How does Camel-K actually work?
Camel-K is a relatively new technology, for deploying Apache Camel routes directly on an OpenShift or Kubernetes cluster. The more traditional approach to deploying Camel routes is to create an application based on Camel, perhaps using a framework like Karaf or Spring Boot, build it into a Docker image, and deploy that image on the cluster. Camel-K allows us to go directly from a route specification in some language (Java, XML, YAML) to a running pod that implements the route.
Once set up, Camel-K is very easy to use -- just define the routes using your language of choice (Java, XML, YAML...), and use the command-line tool or an IDE plug-in to deploy to a container. Of course, a huge amount goes on behind the scenes and, if something goes wrong, it can be rather awkward to find out why.
In this article I'll describe in outline what actually happens on the OpenShift/Kubernetes cluster, when deploying a Camel route using Camel-K. I should point out from the start that I'm going to over-simplify enormously, because the process is extremely complex. However, I hope that this article might serve as a starting point for understanding Camel-K better.
Prerequisites
I'm assuming that you've done the basic installation of the Camel-K operator
in your OpenShift or Kubernetes environment. I'm also assuming that you
have the kamel
command-line utility, even if you're using an
IDE to build your integration code. I'll only be using command-line tools
in this article. I'm using OpenShift commands, but substituting
Kubernetes commands should work fine (e.g., kubectl get pods
rather than oc get pods
).
I'm assuming that you know about Camel in general, and at least a little about OpenShift/Kubernetes.
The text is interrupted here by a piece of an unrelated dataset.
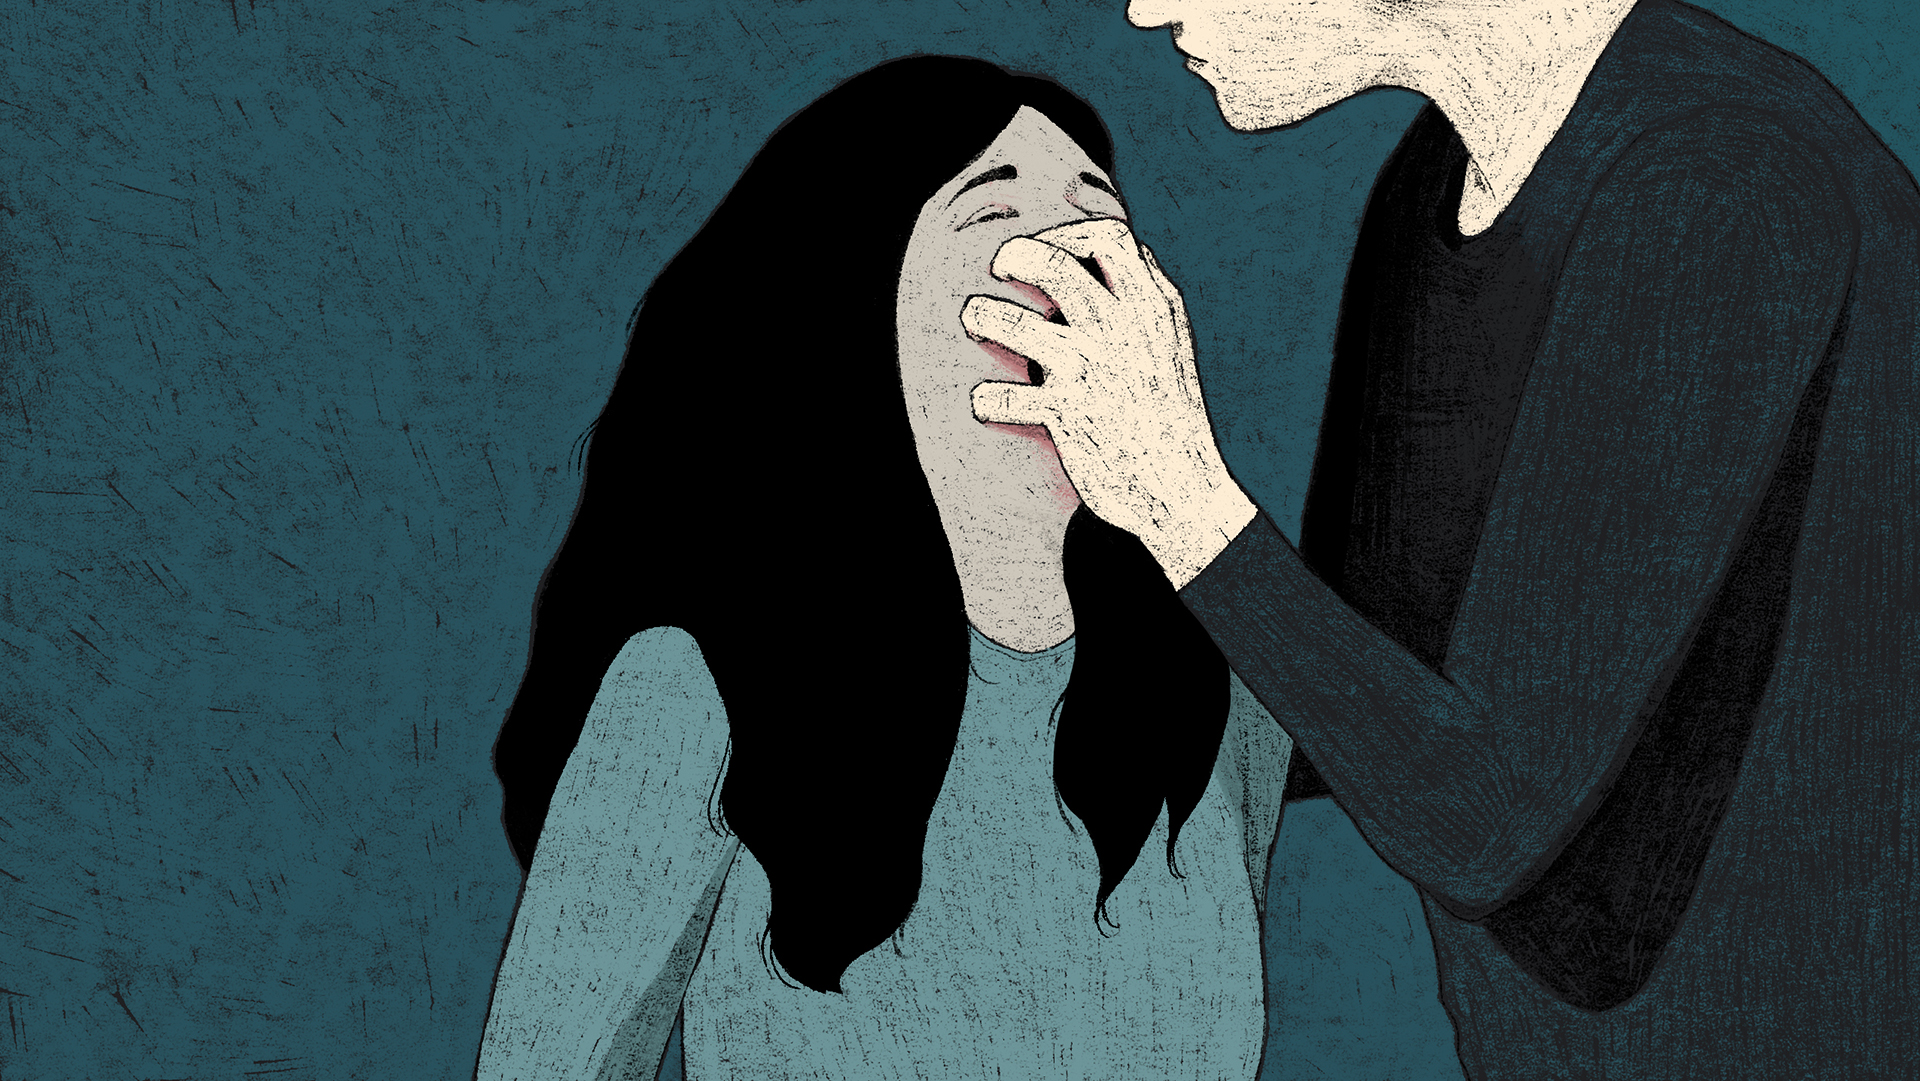 rebecca-hendin-bbc-newsbeat-domestic-abuse-animation-2
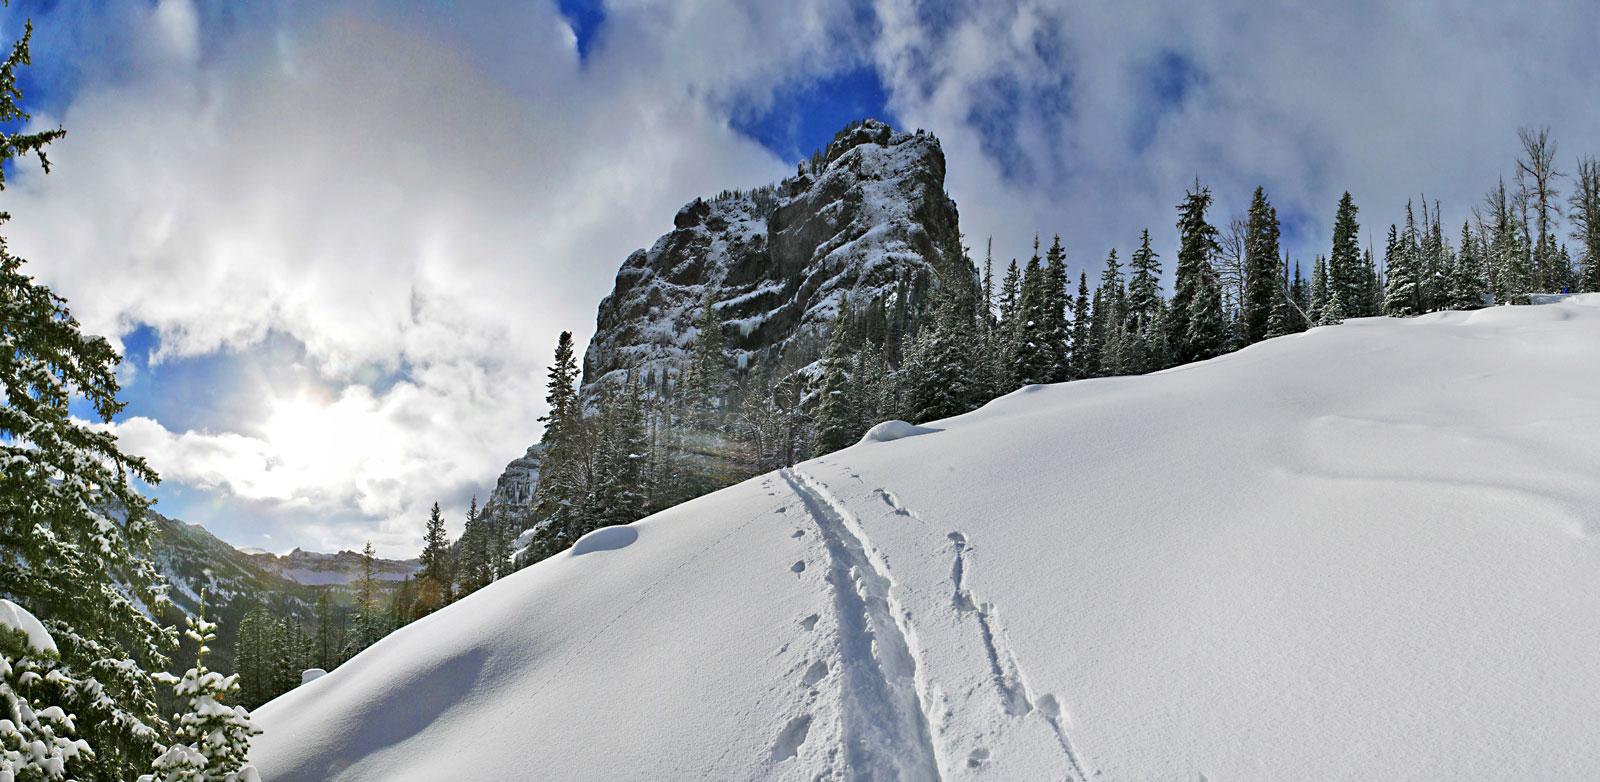 The Gallatin Range by Pat Clayton

If you don't know what a "ConfigMap" is, or what a YAML file looks like, you might need to read more around OpenShift or Kubernetes first.
Example
For the purposes of this article, I'll be using the "Hello, World" boilerplate example, that just consumes from a timer and writes to the log:
import org.apache.camel.builder.RouteBuilder; public class Hello extends RouteBuilder { @Override public void configure() throws Exception { from("timer:tick") .setBody().constant("Hello") .to("log:info"); } }
Note that this isn't a complete application, or even a complete Java class. It's just the fragment of code that defines the Camel route. In more traditional Camel programming, you'd have to build the rest of the application around this fragment. With Camel-K there's no need to, because the framework will supply the necessary infrastructure.
To deploy this trivial integration from the command prompt, using defaults for all settings, we can just do this:
$ kamel run Hello.java
But then what happens?
The role of the "integration kit"
Let's look at the pods that are running in the user's namespace, assuming
that the kamel run
operation succeeded. There might be
other pods present, of course, from other applications --
I'm only showing the ones relevant to the
current Camel-K deployment.
Note:
Depending on how you installed the Camel-K infrastructure, you might have a Camel-K operator pod as well. This plays no part in the present discussion, so I'll ignore it.
$ oc get pods NAME READY STATUS camel-k-kit-c505rq5062cf6c1f47mg-1-build 0/1 Completed camel-k-kit-c505rq5062cf6c1f47mg-builder 0/1 Completed hello-7b7975957b-6bz5n 1/1 Running
Because I did not specify a particular name for my integration, Camel-K
has just taken the name of the source file, and used it as the basis
for the pod name. The pod hello-XXX
is, of course, the
running Camel application. If we examine its logs, we should see the
output of the Camel route:
$ oc logs hello-7b7975957b-6bz5n 2021-09-14 09:58:14,144 INFO [info] (Camel (camel-1) thread #0 - timer://tick) Exchange[ExchangePattern: InOnly, BodyType: String, Body: Hello] ...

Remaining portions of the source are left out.